I have had a hard time determining how the Irish really feel about Americans. Obviously, being American myself, opinions are probably held back. In my classes, my peers often attack U.S. foreign policy, but in conversation, everyone mentions their cousin on Boston, or wonderful holiday to New York City. It almost seems as if the Irish do not want to like Americans, but with the overwhelming influence of American pop culture here, from Burger King to House of Cards, it is impossible not to.

Being in a modern, international city like Dublin made me figure the consensus I have been witnessing is skewed. I thought that opinion skew would change when I made my way to Cork City. Cork is about three hours by car southwest of Dublin, much more off the beaten path, with rarely an international flight out of the airport. Though still one of Dublin’s larger cities, I considered it to be a better representative of the small town nature of Ireland outside of Dublin. Is location on the southwest coast is a bit remote and many Dubliners poke fun at the distinctive Cork accent. This was going to be real Ireland.

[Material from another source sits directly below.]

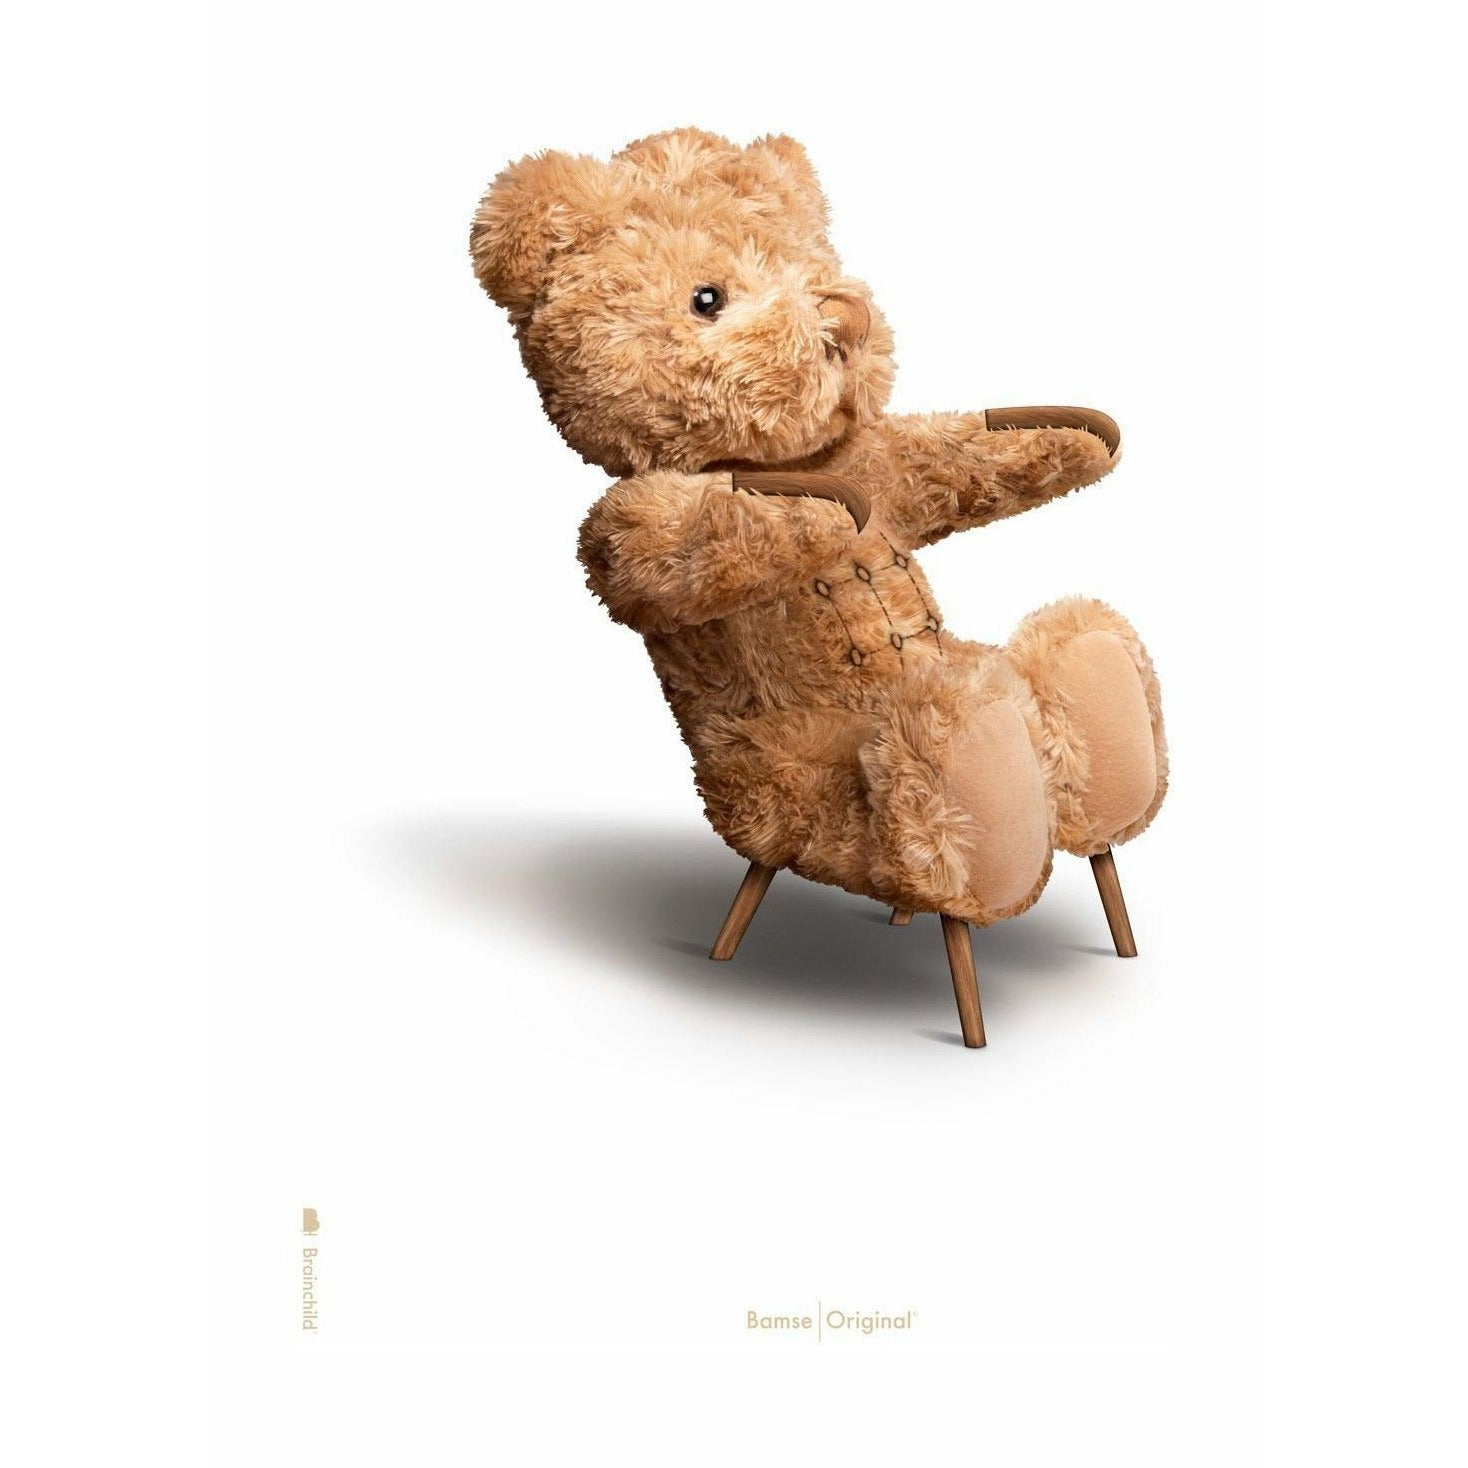 Brainchild Teddy Bear Classic Poster Without Frame 50x70 Cm, White Background
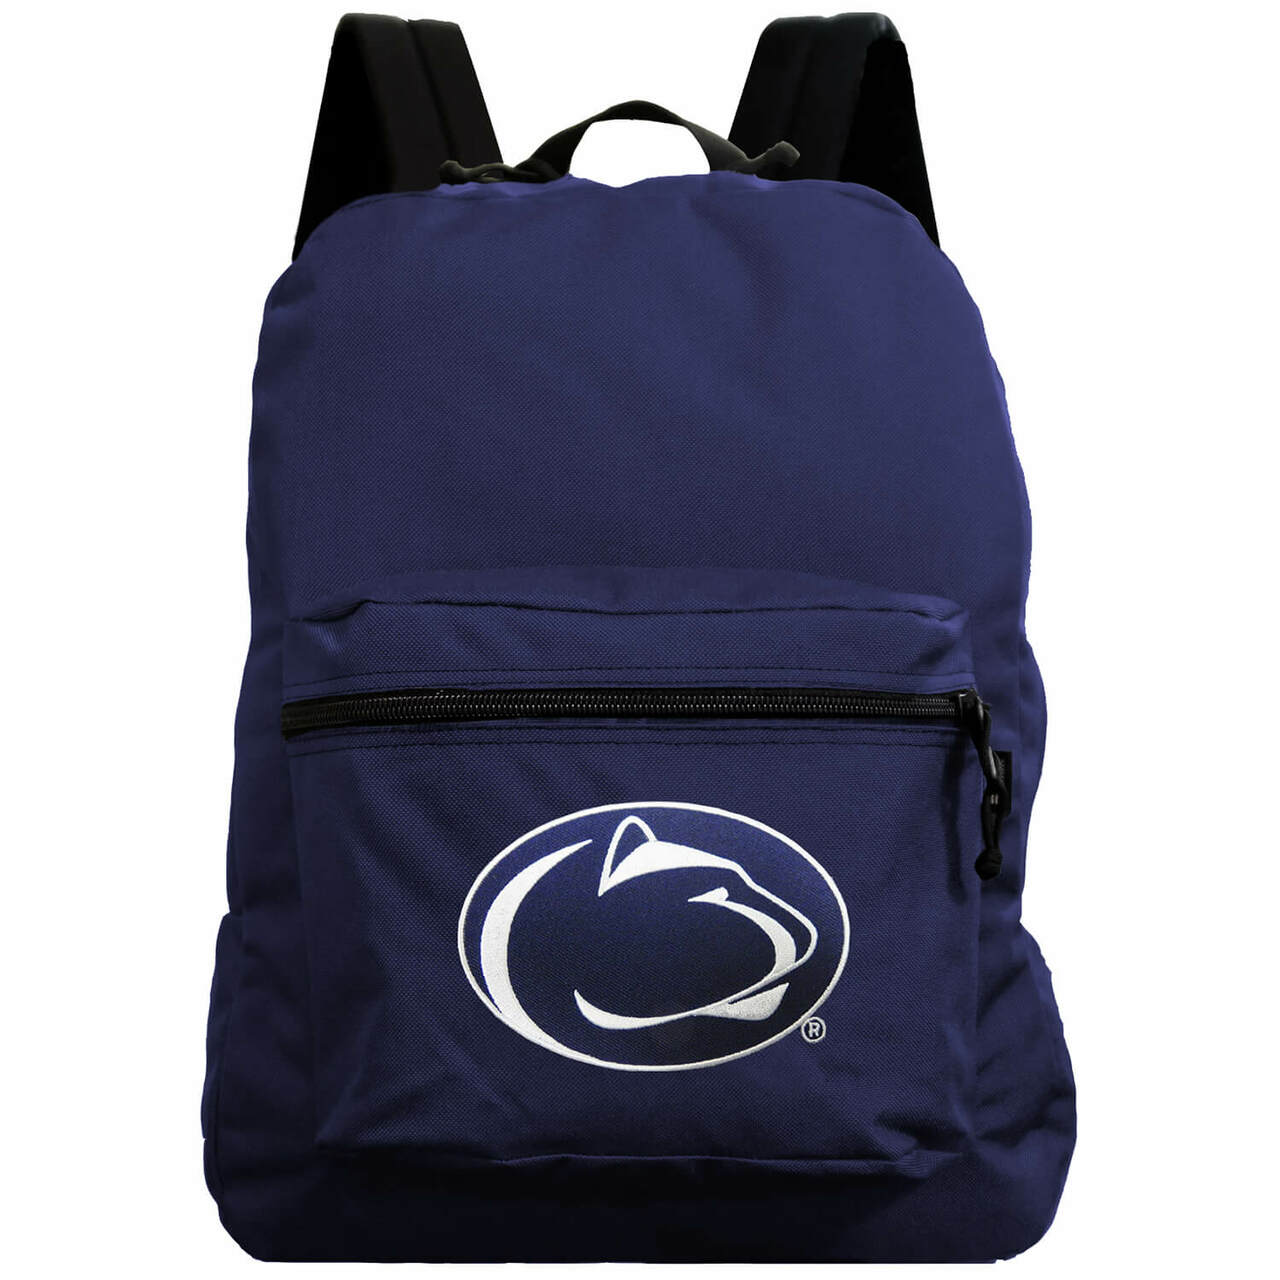 Penn State Nittany Lions Made in the USA premium Backpack

As soon as we got off the bus, I found the Cork accent to sound much different than I was expecting. The international influence was very surprising, and the “Cork accent” to me was any accent that did not sound Irish. I totally underestimated the cosmopolitan nature of the city. We met some Eastern European friends, stayed in an Airbnb with a Portuguese woman and German man, and ate at a restaurant owned by Brazilians. By the way, the food in what I thought was a quaint little Irish town made Dublin look like my middle school cafeteria.

We had a great time exploring churches, the waterfront, the nightlife, and even got a chance to kiss the Blarney Stone at Blarney Castle. I learned that Ireland is truly a modern, living, breathing organism with a large variety of people and places that might not necessarily agree on anything, let alone their views on Americans. I have never felt uncomfortable, and with my red, white, and blue backpack I purchased here (getting ridiculed by my American friends, no doubt), that is saying a lot. So if you are looking for an international experience, or just looking for really good Brazilian food, look no further than County Cork.

By kennatim

I have been eating a lot more fish here in Dublin. I have also been trying to do more swim workouts than usual. One of my goals in my study abroad experience has been to try new things and forge new habits. Most of the time, that involves immersing myself in some type of Irish culture. Swimming and fish are not exactly tied to Gaelic history, but nevertheless, engaging in different activities is overall what I came here for. That is why, when I received an out-of-the-blue, random email inviting me to teach retirees how to use computers, I was immediately interested.

The “Intergenerational Learning Programme” here at Dublin City University is a program that invites retirees (or “pensioners”) from the area to come to campus and receive free tutoring from students in anything from the basics of using a computer to how to trace your genealogy or write music using one. The program is sponsored by the Irish government and originated as a scheme to get older people to complete government services using the Internet.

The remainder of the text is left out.